Pull out the lines from the one containing "Guinness Beef Stew" through the final line of the listing below and repeat them exactly. Leave the pictures behind.

MATERIAL PROVIDED:
---
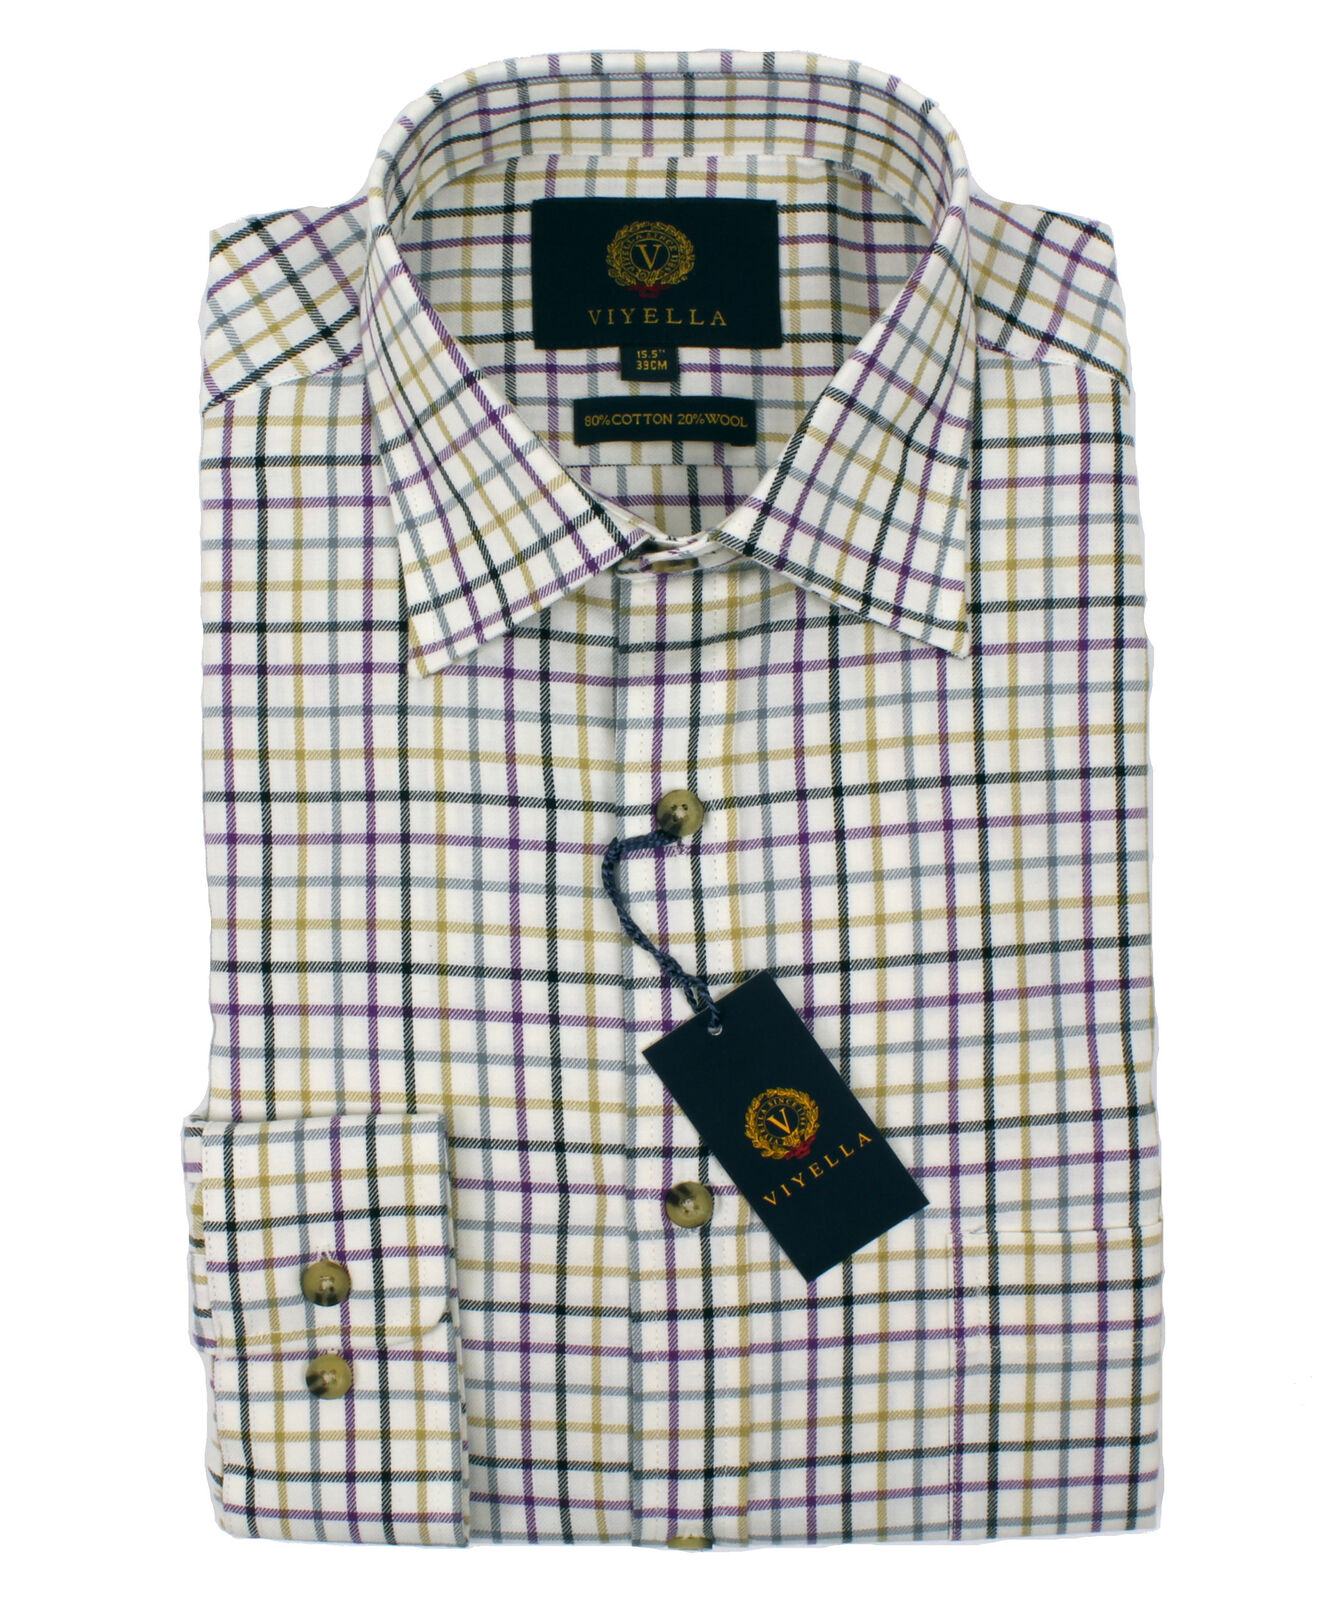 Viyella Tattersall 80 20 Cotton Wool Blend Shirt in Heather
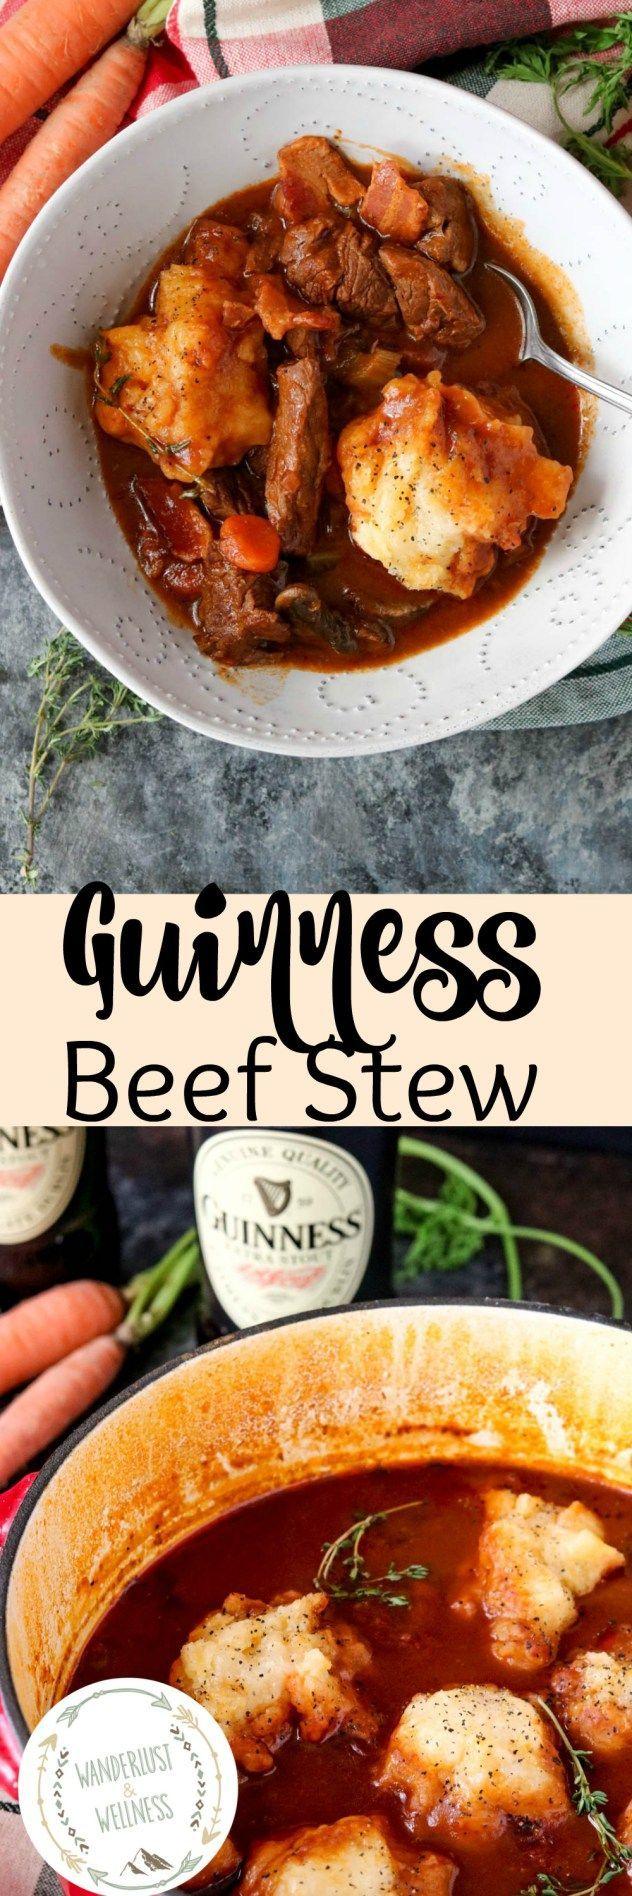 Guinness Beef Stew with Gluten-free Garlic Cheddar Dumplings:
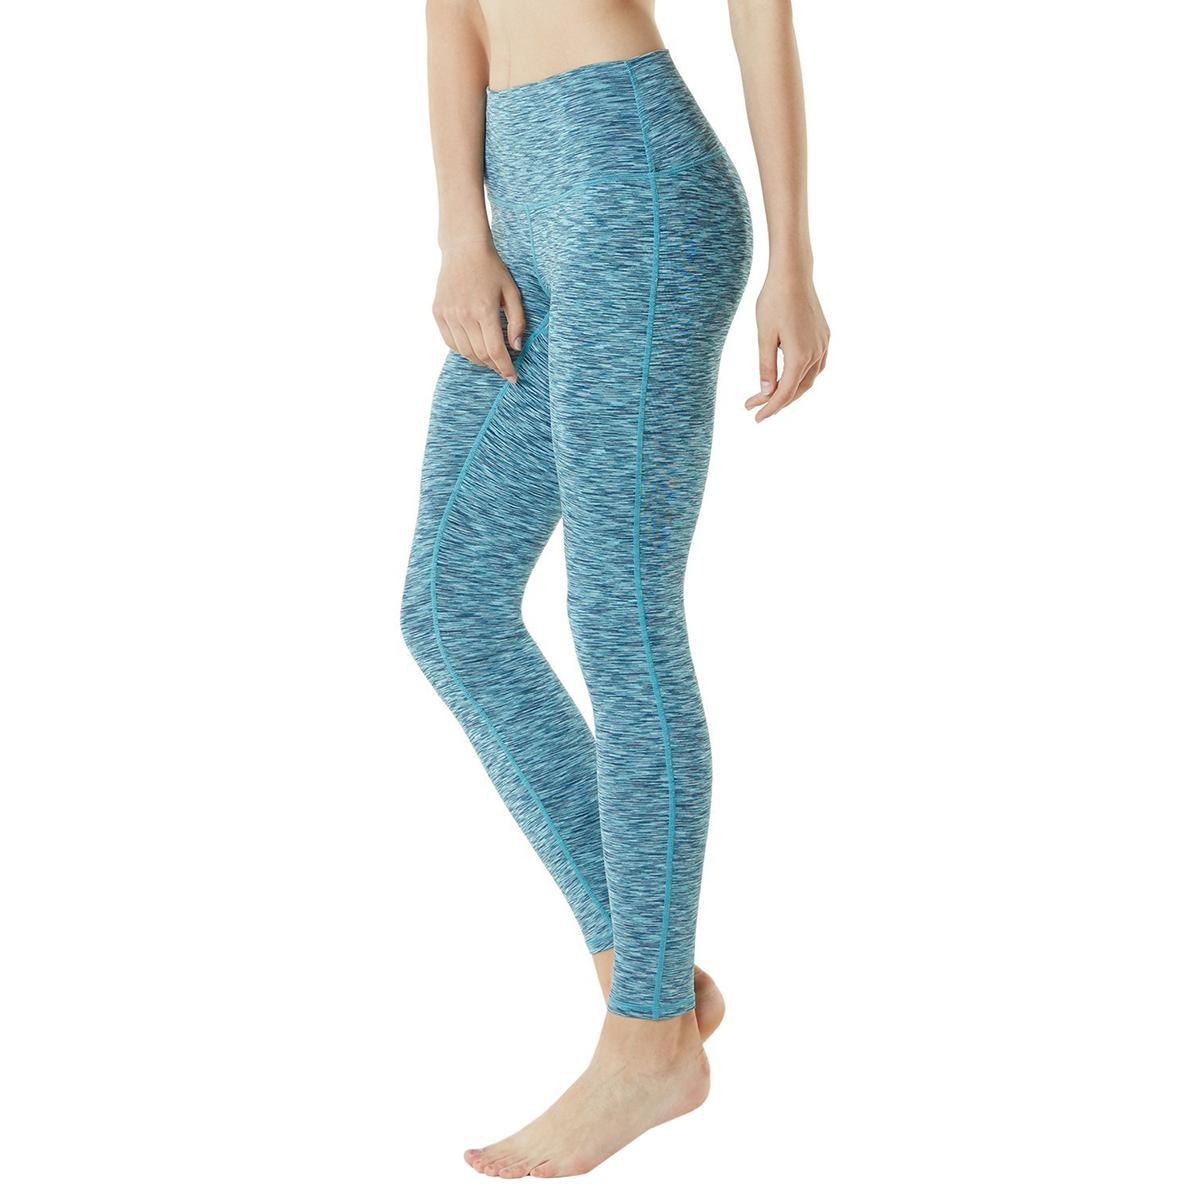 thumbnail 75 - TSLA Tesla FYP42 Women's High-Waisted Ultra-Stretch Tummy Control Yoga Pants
---
OUTPUT BELOW:
 Guinness Beef Stew with Gluten-free Garlic Cheddar Dumplings:
 thumbnail 75 - TSLA Tesla FYP42 Women's High-Waisted Ultra-Stretch Tummy Control Yoga Pants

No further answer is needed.